## Exercise prompt:
Set down each of the records below exactly as it reads. No pictures go into the copy.

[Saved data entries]
Content starts

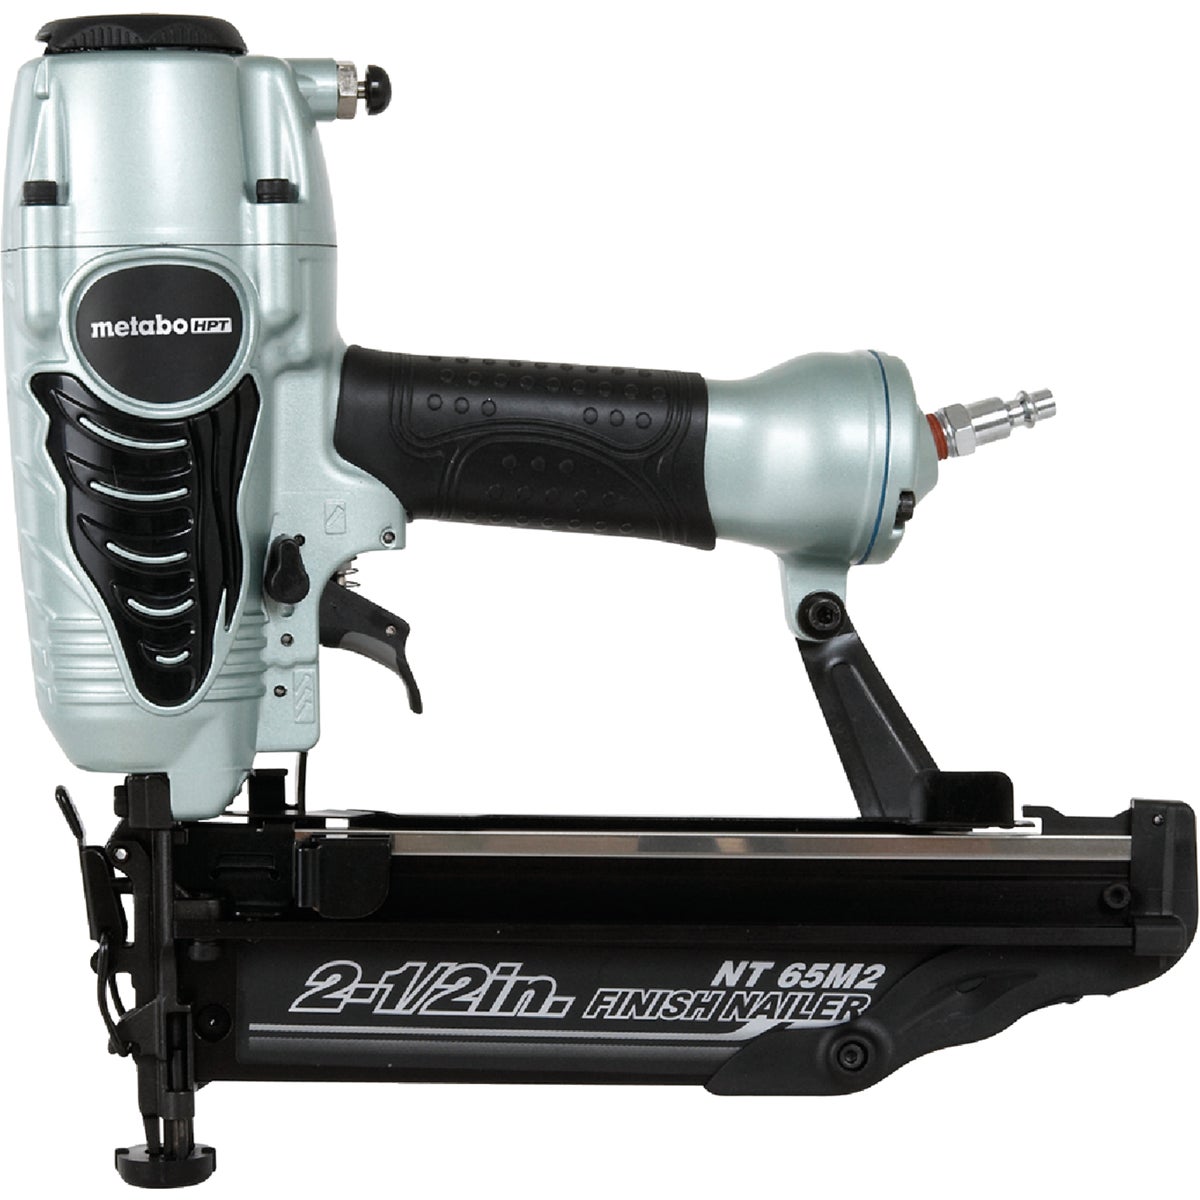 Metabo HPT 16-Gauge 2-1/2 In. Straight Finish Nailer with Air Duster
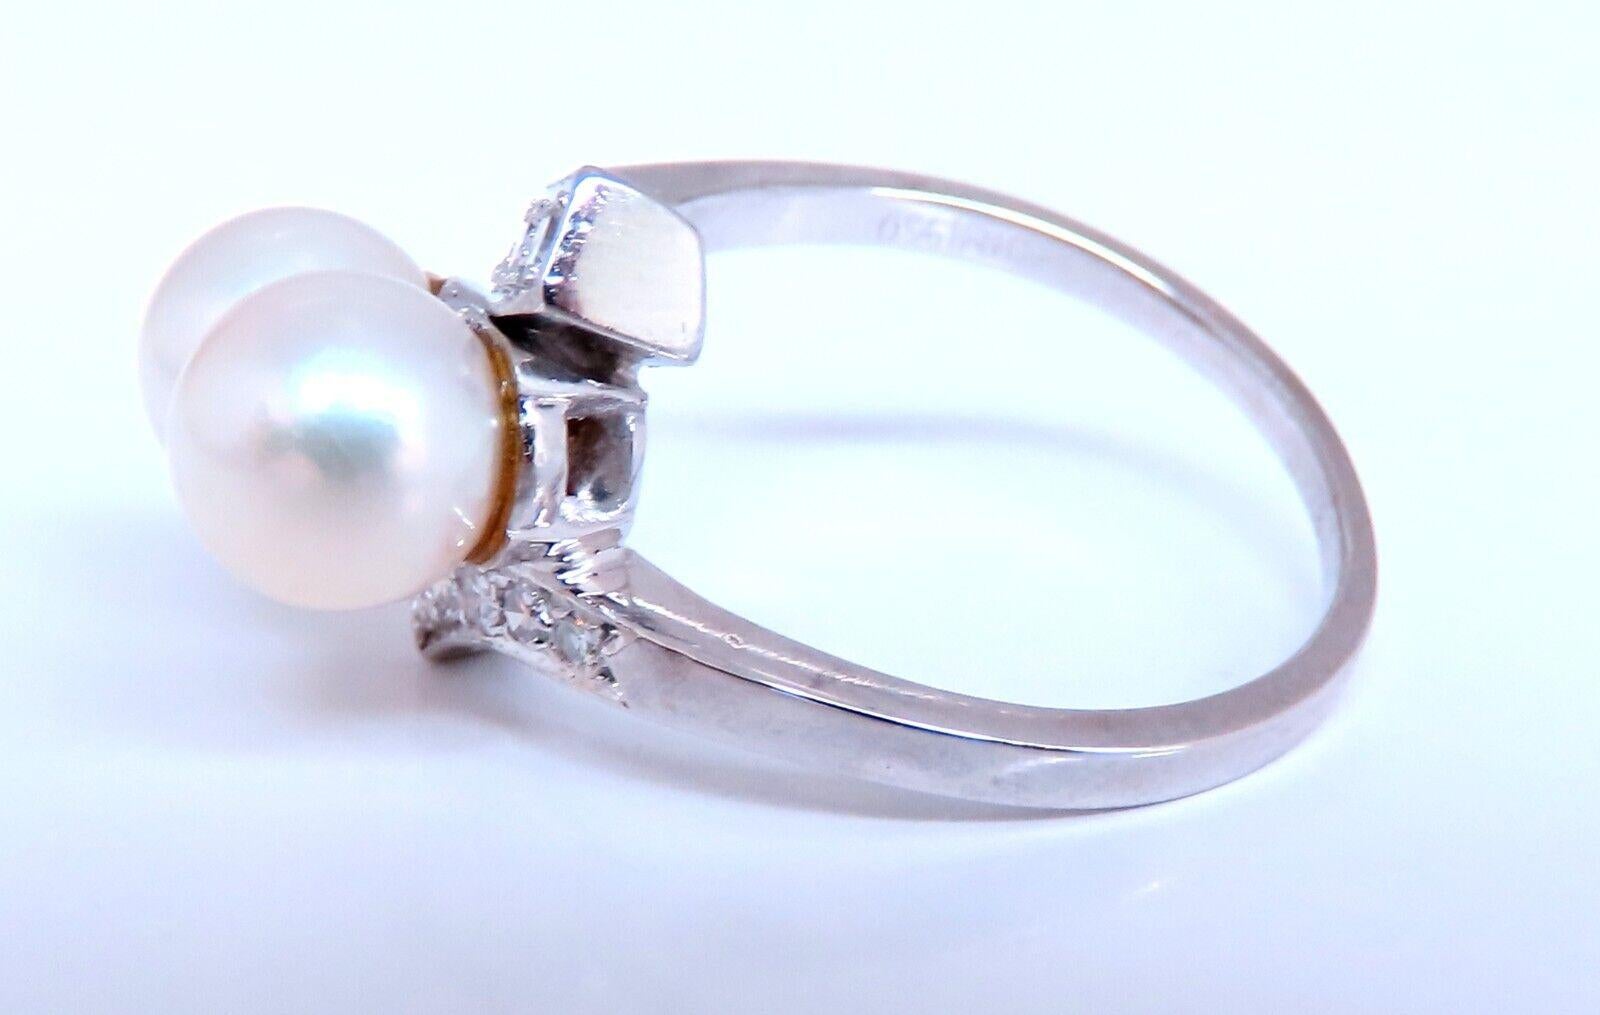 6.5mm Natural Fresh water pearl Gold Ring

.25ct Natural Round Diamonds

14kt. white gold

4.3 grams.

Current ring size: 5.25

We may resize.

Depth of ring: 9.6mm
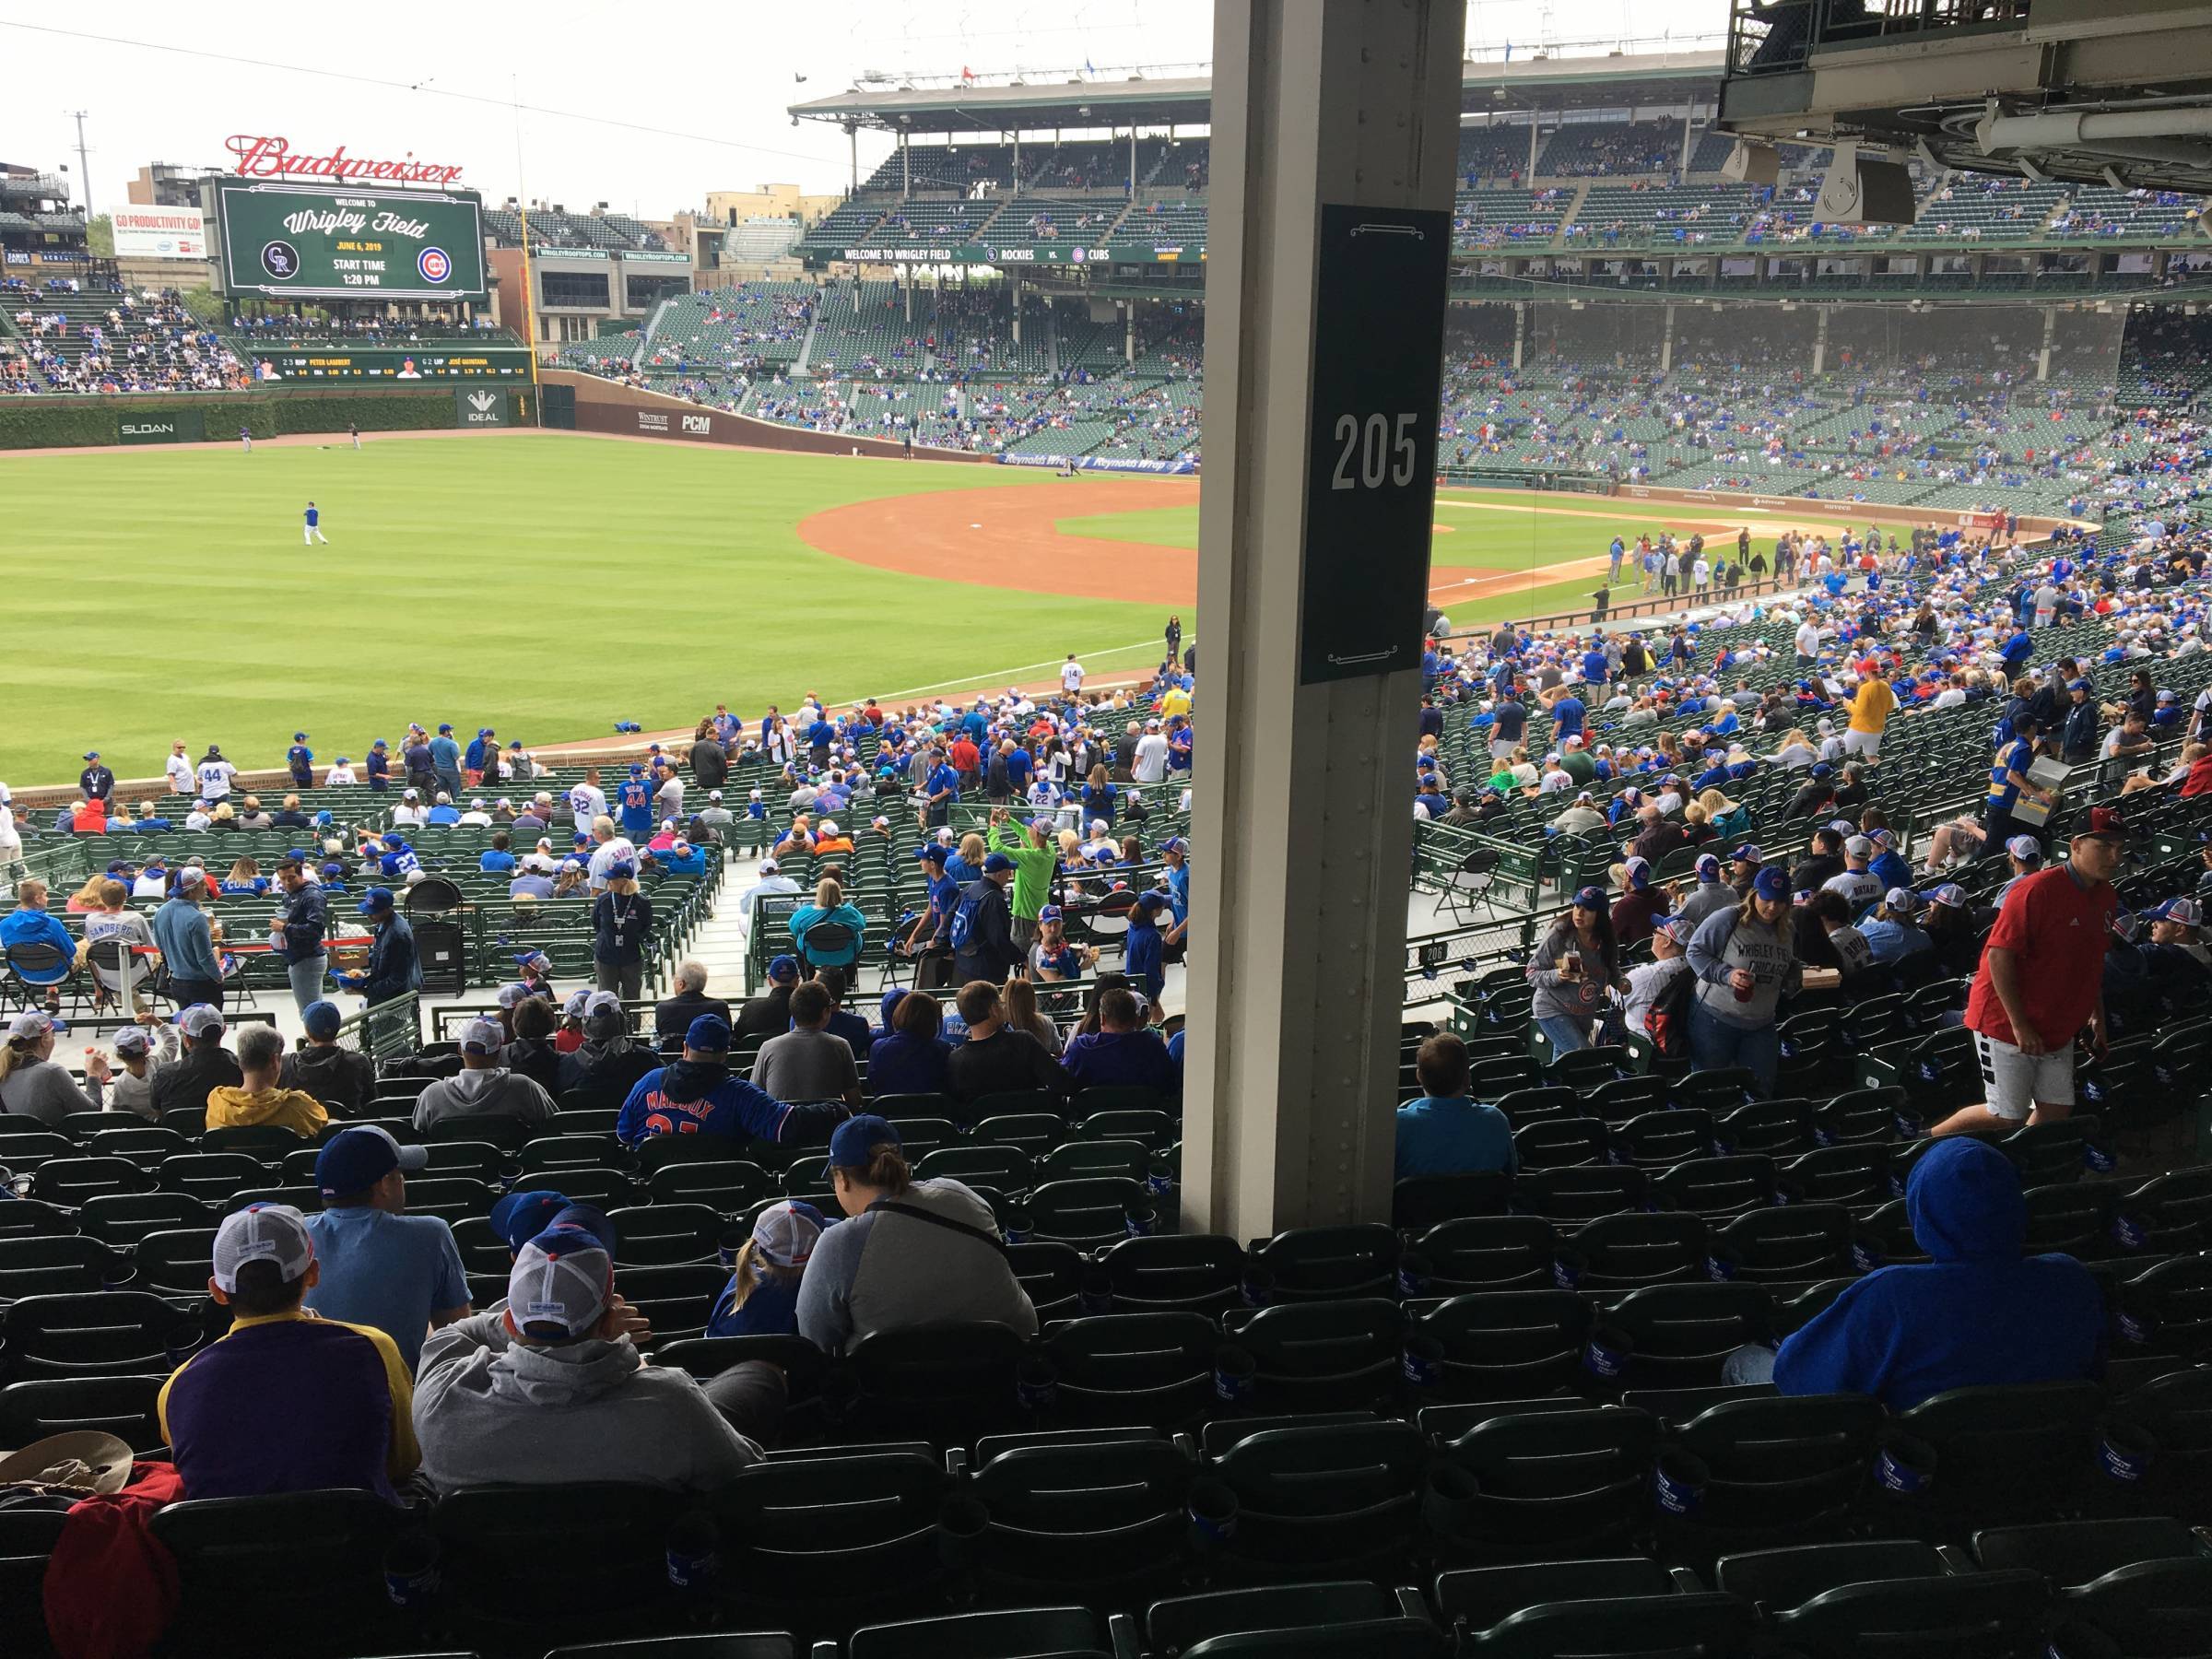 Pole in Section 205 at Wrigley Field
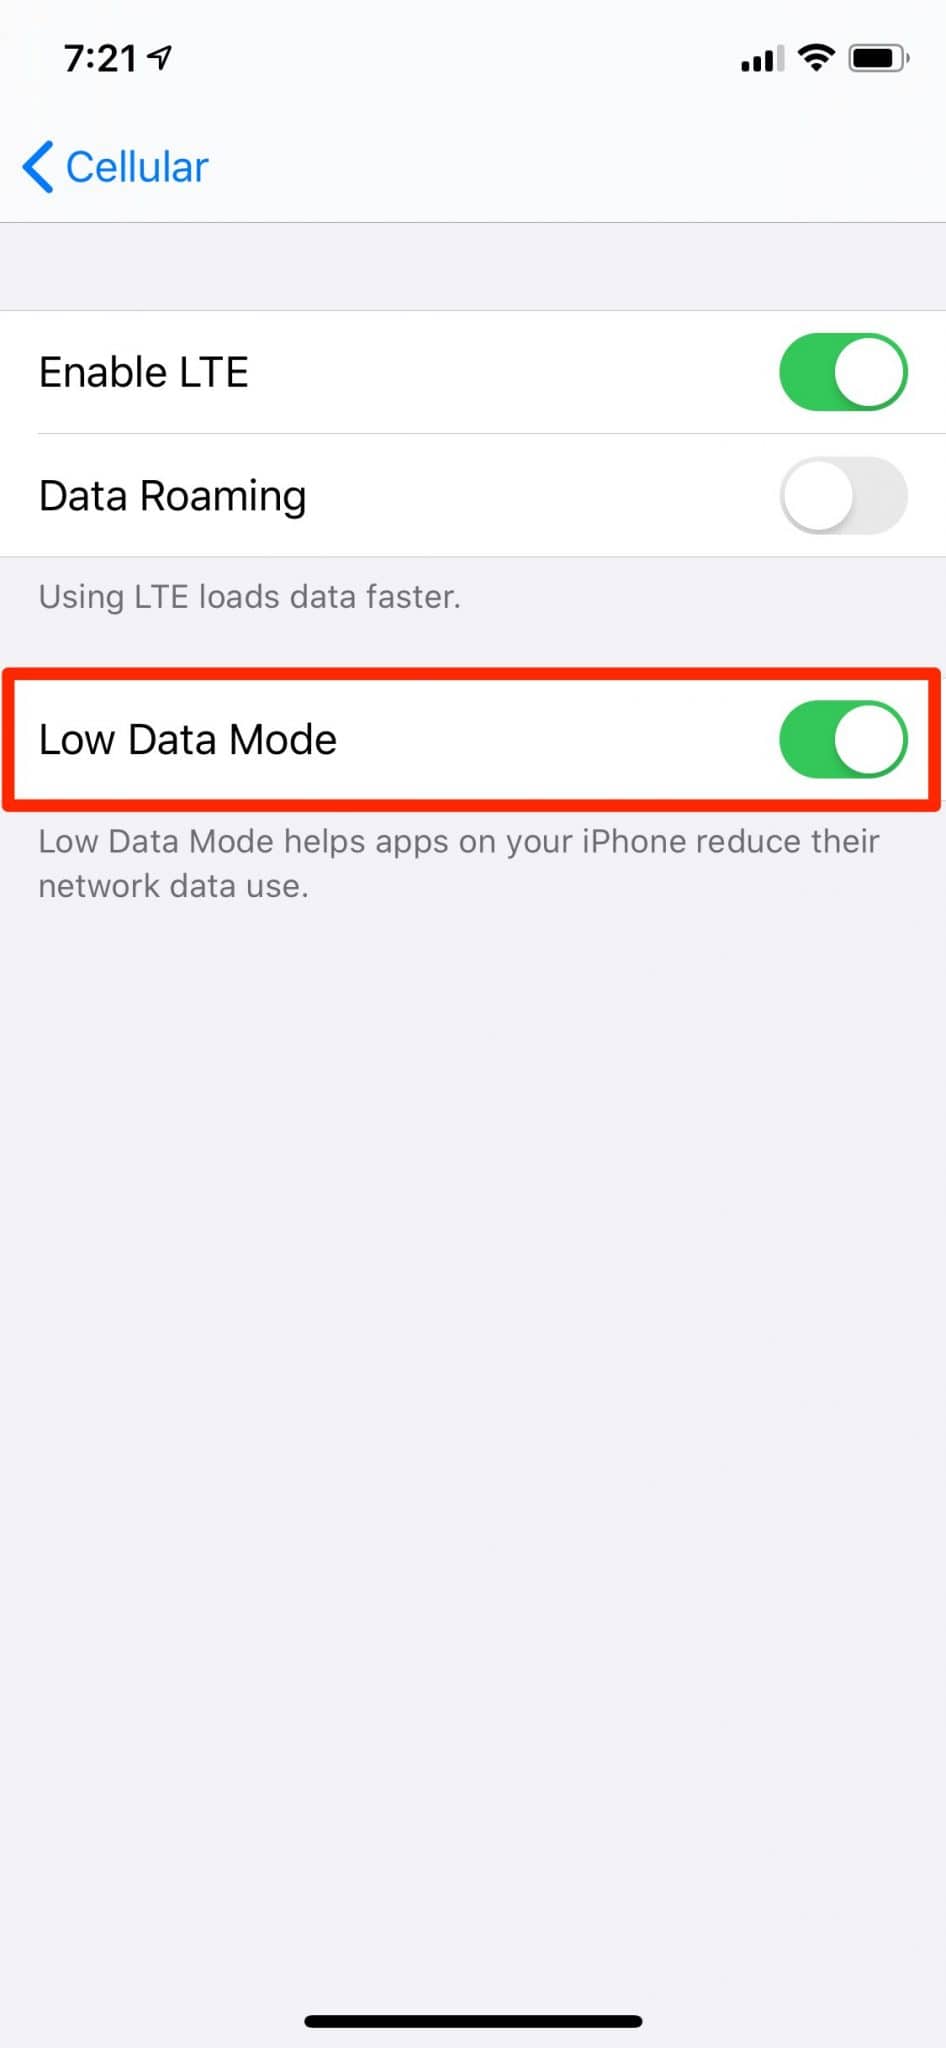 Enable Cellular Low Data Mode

Content ends

## Reply:
 Metabo HPT 16-Gauge 2-1/2 In. Straight Finish Nailer with Air Duster
 6.5mm Natural Fresh water pearl Gold Ring

.25ct Natural Round Diamonds

14kt. white gold

4.3 grams.

Current ring size: 5.25

We may resize.

Depth of ring: 9.6mm
 Pole in Section 205 at Wrigley Field
 Enable Cellular Low Data Mode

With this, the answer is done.